In the subject invention, a reservoir 32 contains a base fluid of lower density than the drilling mud and a mud pumps 3 and 4 connected to the riser charging lines. This base fluid is of a low enough density that when the proper ratio is mixed with the drilling mud a combined density equal to that of seawater can be achieved. The base fluid is pumped into the riser above the BOP stack (or above the sea floor if the stack is at the surface) and is combined with the drilling mud to reduce the density of the riser mud. The combined mud is separated at shaker system 30 to remove the cuttings and is then introduced into a centrifuge system 34 where the lighter base fluid is separated from the heavier drilling fluid. The lighter fluid is then recycled through reservoir 32 and the riser charging lines, and the heavier fluid is recycled in typical manner through the mud management and flow system and the drill string.

In a typical example the drilling mud is an oil based mud with a density of 12.5 PPG and the mud is pumped at a rate of 800 gpm. The base fluid is an oil base fluid with a density of 6.5 PPG and can be pumped into the riser charging lines at a rate of 1500 gpm. Using this example, a riser fluid having a density of 8.6 PPG is achieved as follows:

Mr=(FMi×Mi)+(FMb×Mb)/(FMi+FMb),

where:

FMi=flow rate Fi of fluid into well,

FMb=flow rate Fb of base fluid into riser charging lines,

Mi=mud density into well,

Mb=mud density into riser charging lines, and

Mr=mud density of return flow.

In the above example:

Mi=12.5 PPG,

Mb=6.5 PPG,

FMi=800 gpm, and

FMb=1500 gpm.

Thus, the density Mr of the return mud can be calculated as:

Mr=((800×12.5)+(1500×6.5))/(800+1500)=8.6 PPG.

The flow rate, Fr, of the mud having the density Mr in the riser is the combined flow rate of the two flows, Fi and Fb. In the example, this is:

Fr=Fi+Fb=800 gpm+1500 gpm=2300 gpm.

The return flow in the riser above the BOP's is a mud having a density of 8.6 PPG (or the same as seawater) flowing at 2300 gpm. This mud is returned to the surface and the cuttings are separated in the usual manner. Centrifuges at the surface will then be employed to separate the heavy mud, density Mi, from the light mud, density Mb.

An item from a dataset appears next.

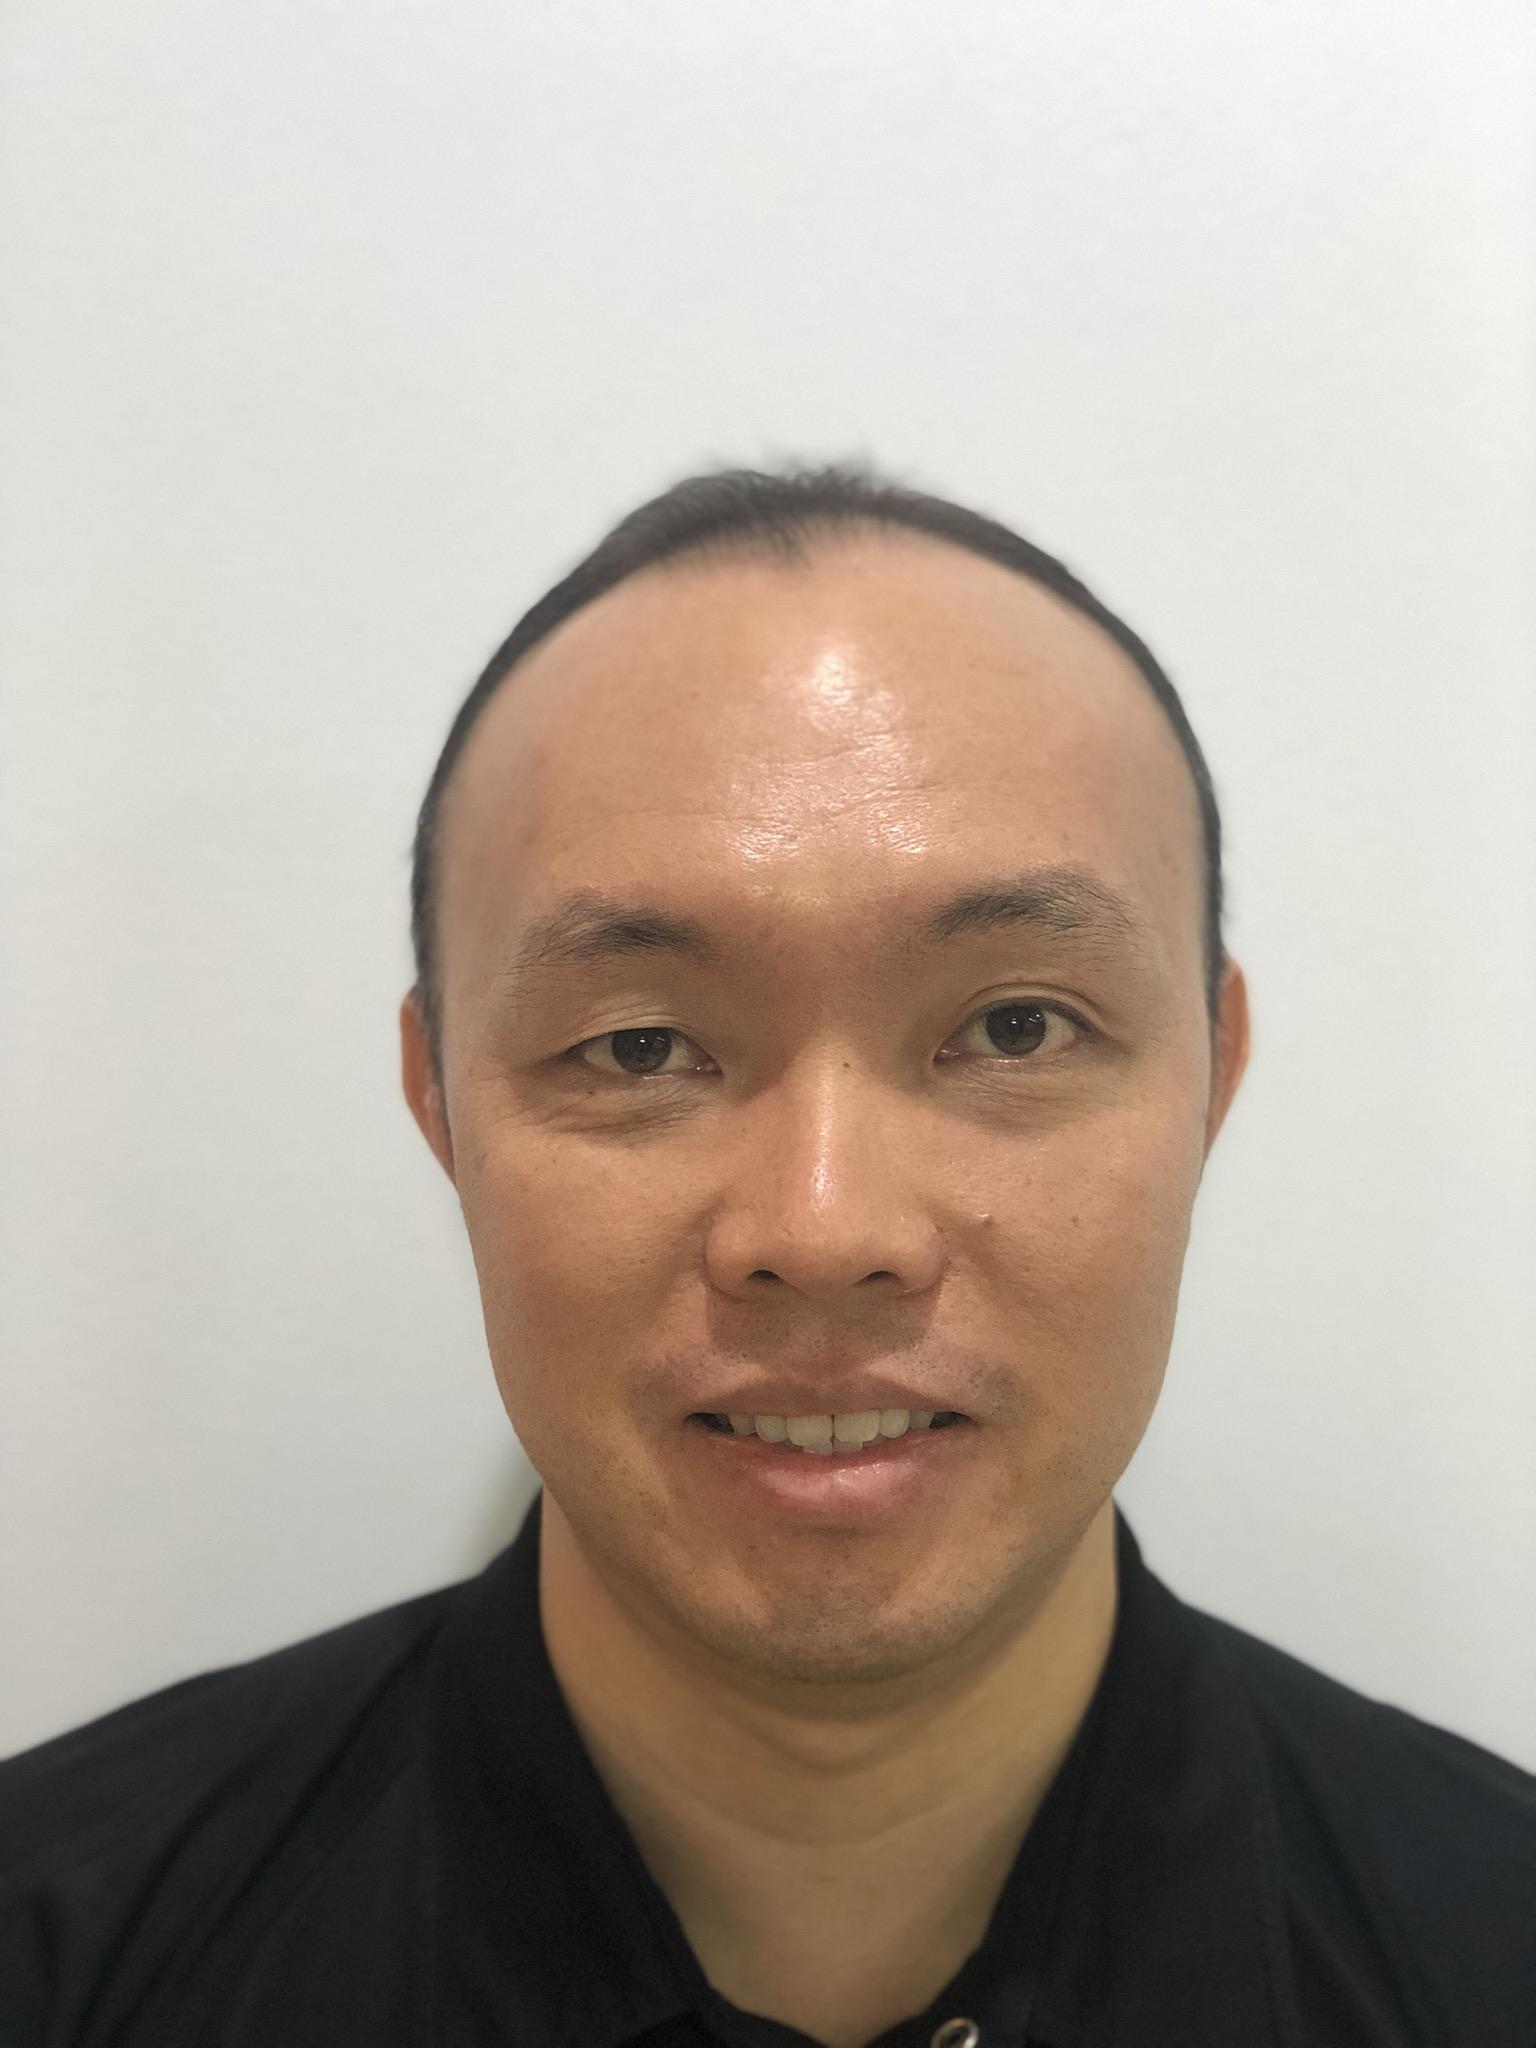 Leo Tan

Where desired, other density combinations may be utilized using the same formula. The subject invention is a useful method for varying the density of riser fluids without modifying subsurface hardware and therefore, is particularly useful in retrofit applications. An example of the advantages achieved using the dual density mud method of the subject invention is shown in the graph of FIG. 3. The vertical axis represents depth and shows the seabed or sea floor at approximately 6800 feet. The horizontal axis represents pressure in psi. The solid line represents dual density mud of the present invention. The dashed line represents formation frac pressure. The dashed line represents typical, single density mud of the prior art. In the example, the minimum depth casing point with single density mud is approximately 10,200 feet. Using the dual density mud of the subject invention, this depth is increased to 18,000 feet, while the mud pressure at the seabed is maintained at 3000 psi.

While certain features and embodiments have been described in detail herein, it should be understood that the invention includes all of the modifications and enhancements within the scope and spirit of the following claims.